| What the task asks |
Give the listing below again exactly, but without any of its pictures.

| Dataset section |
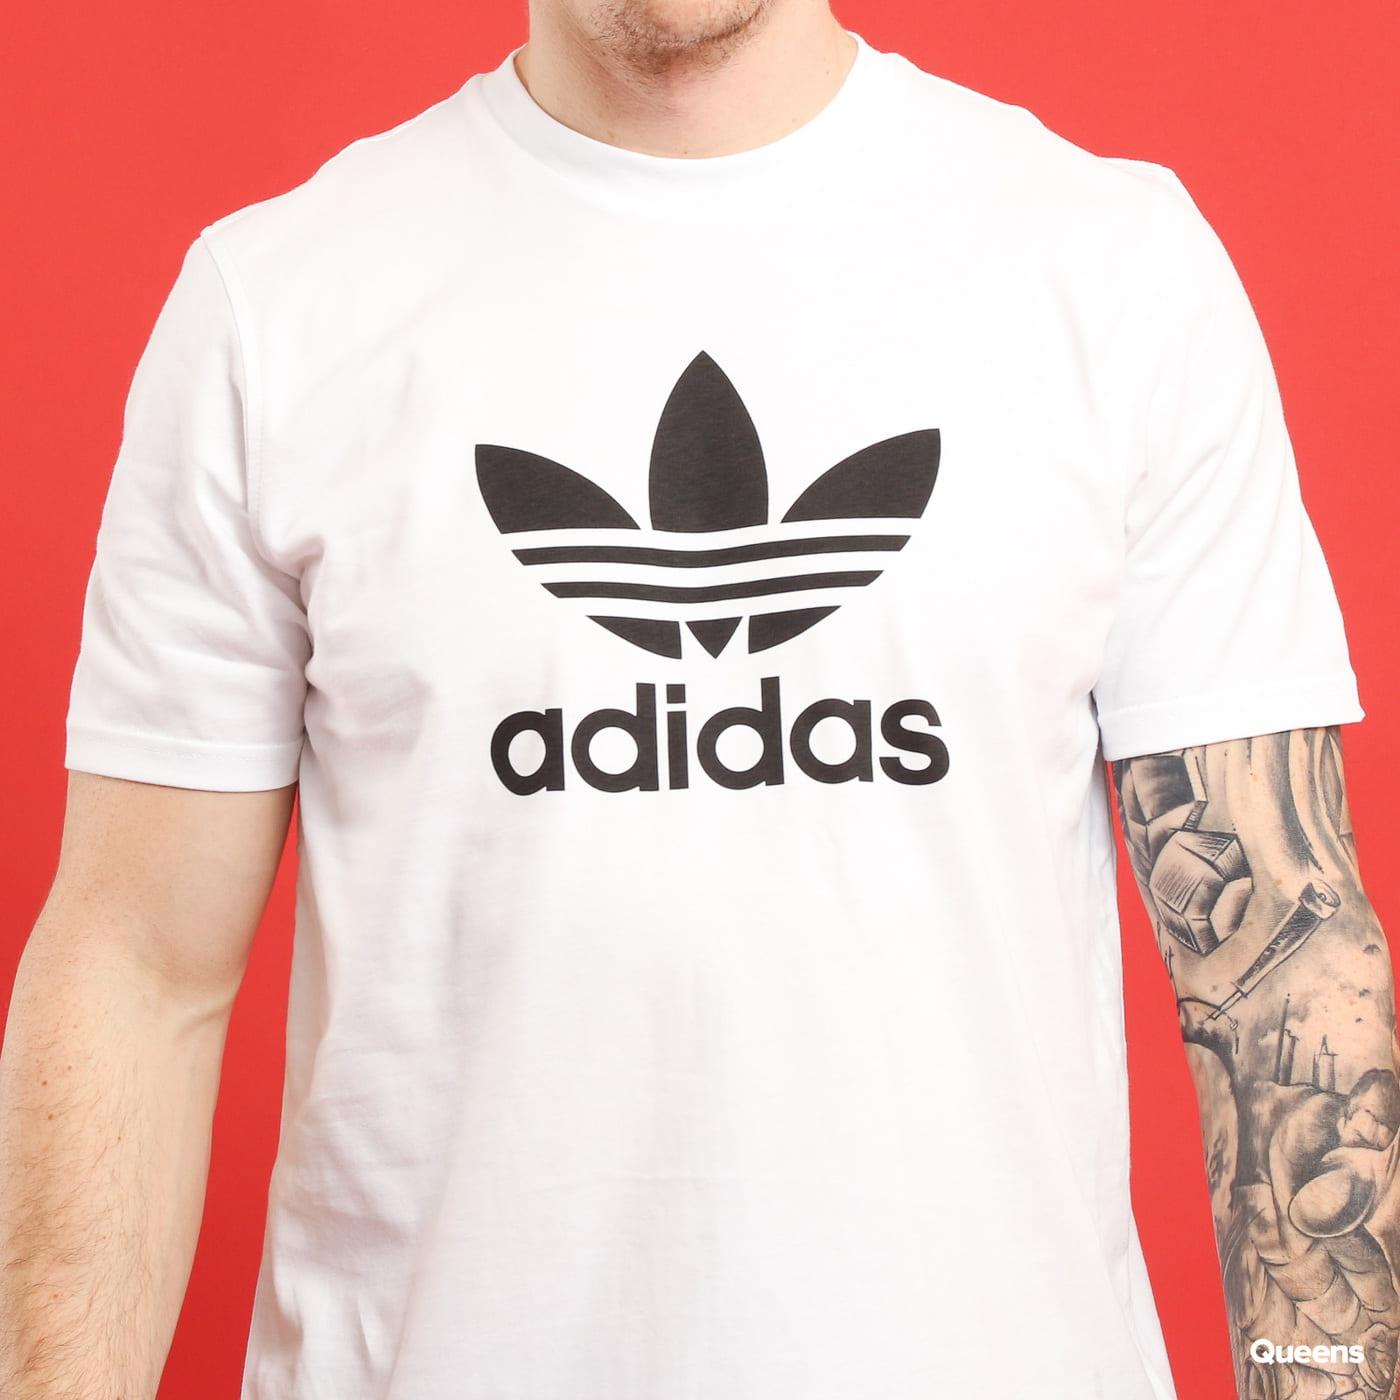 adidas Originals Trefoil T-shirt biele
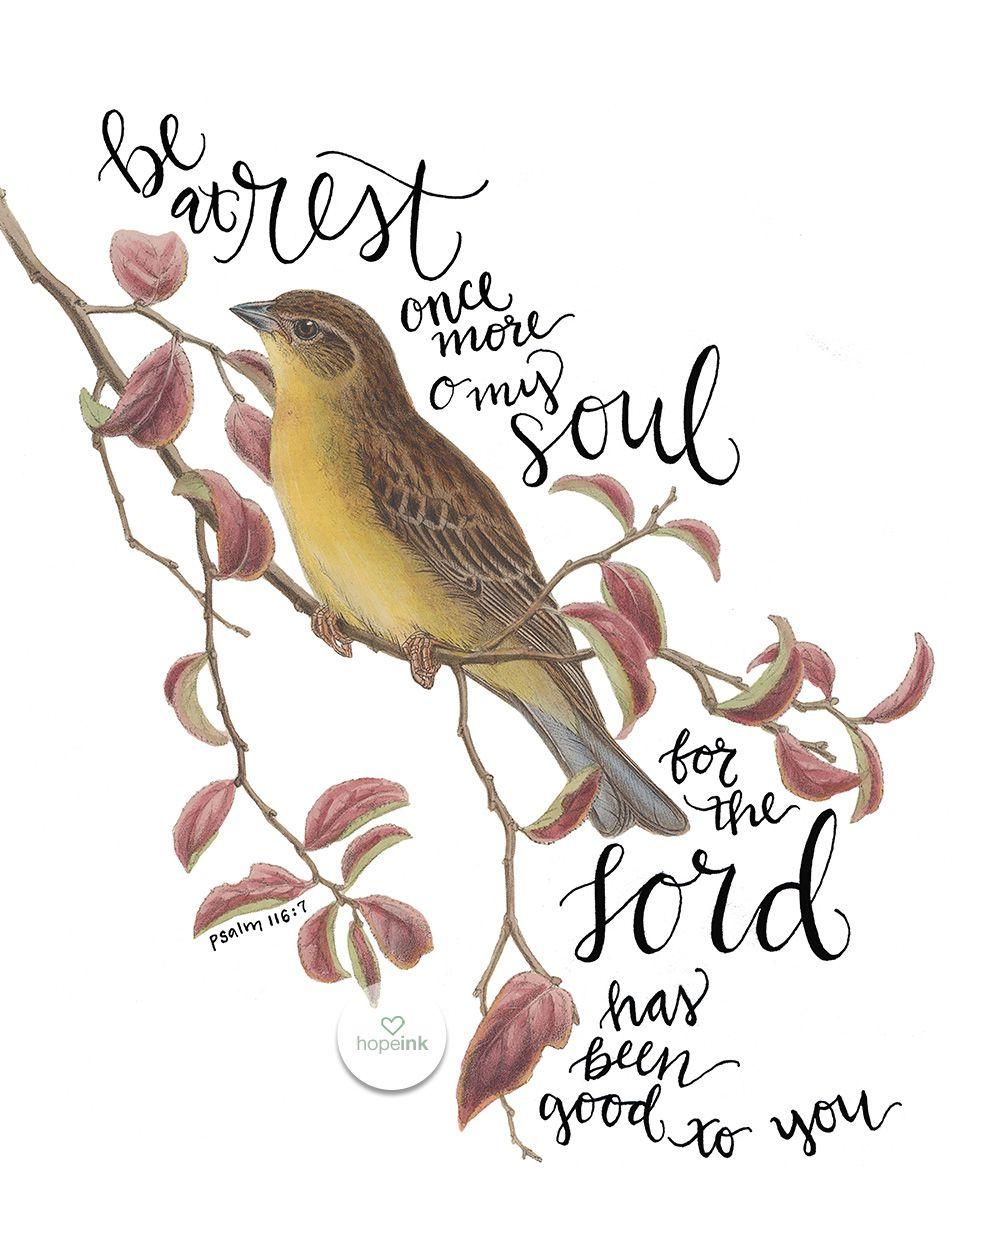 Soul — Hope Ink
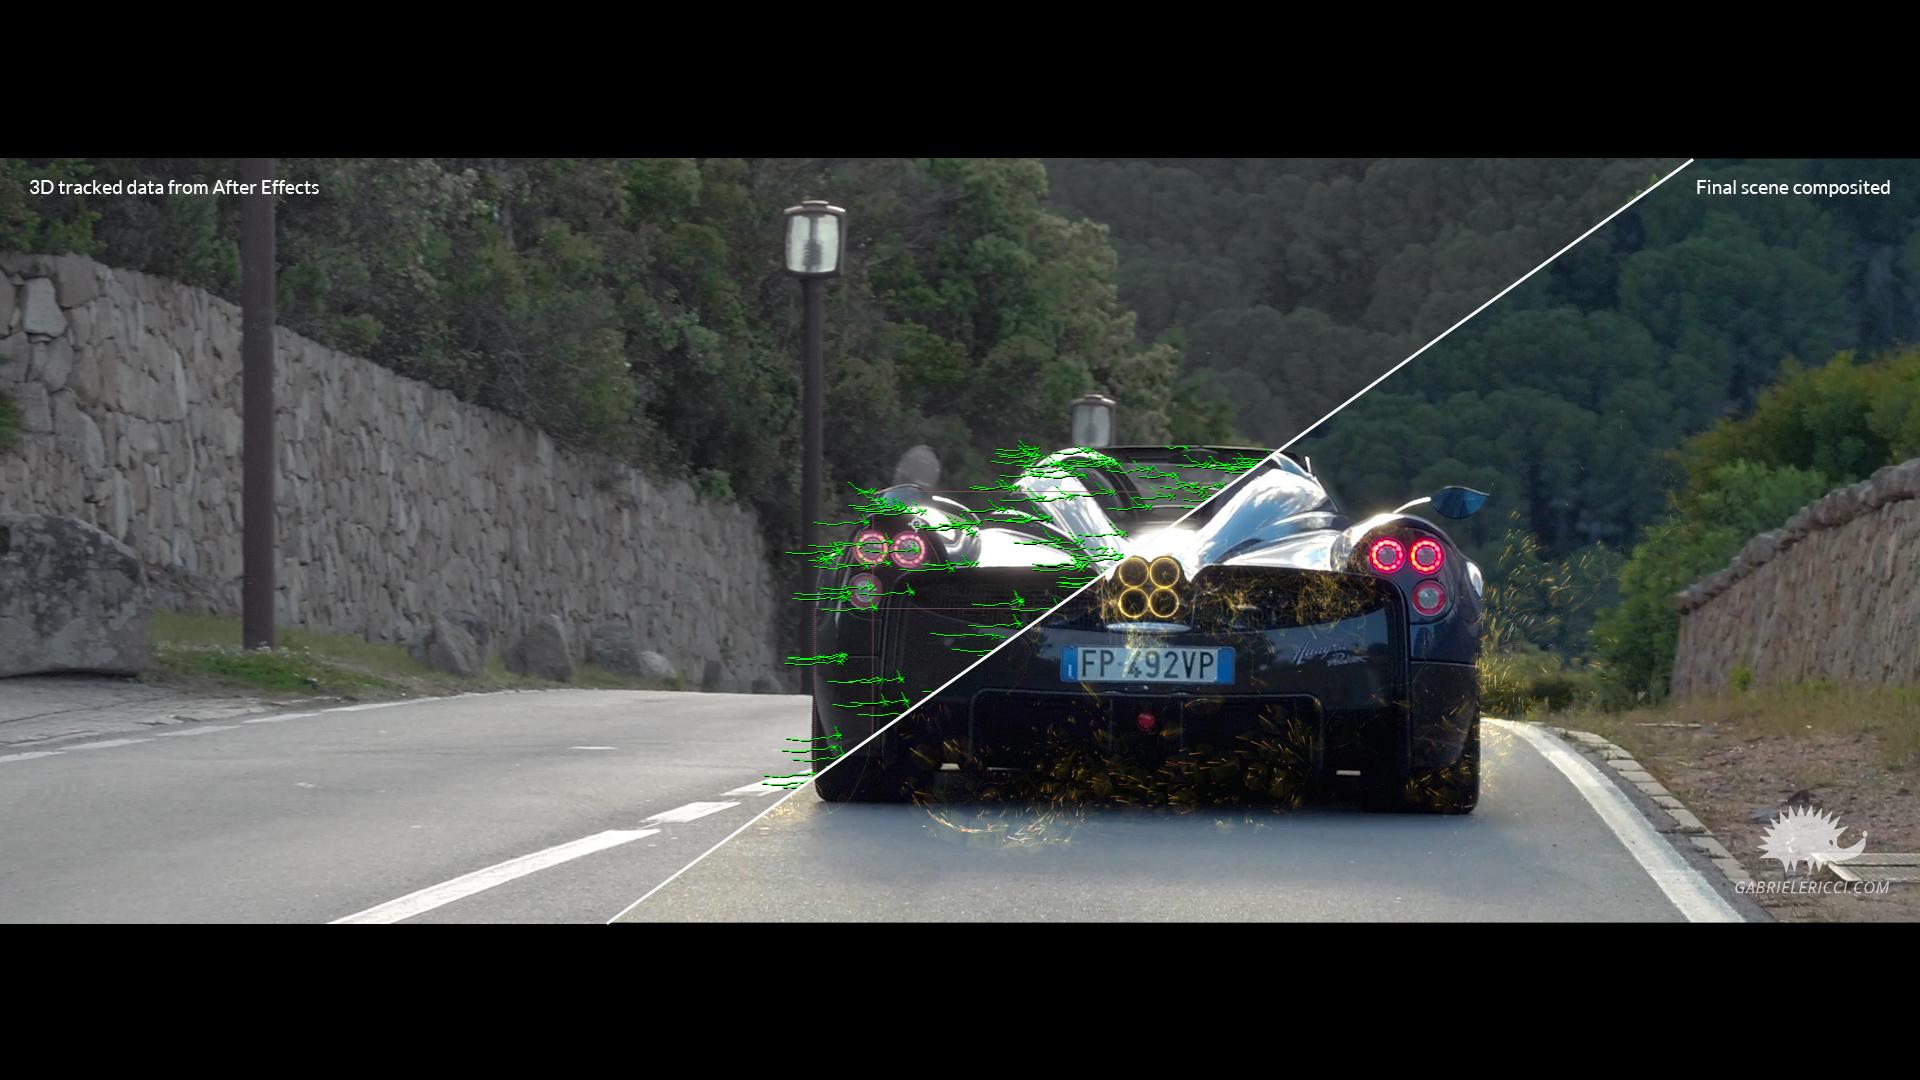 i visual effects sono fondamentali per dirigere meglio un'animazione.

| Solution for this problem |
 adidas Originals Trefoil T-shirt biele
 Soul — Hope Ink
 i visual effects sono fondamentali per dirigere meglio un'animazione.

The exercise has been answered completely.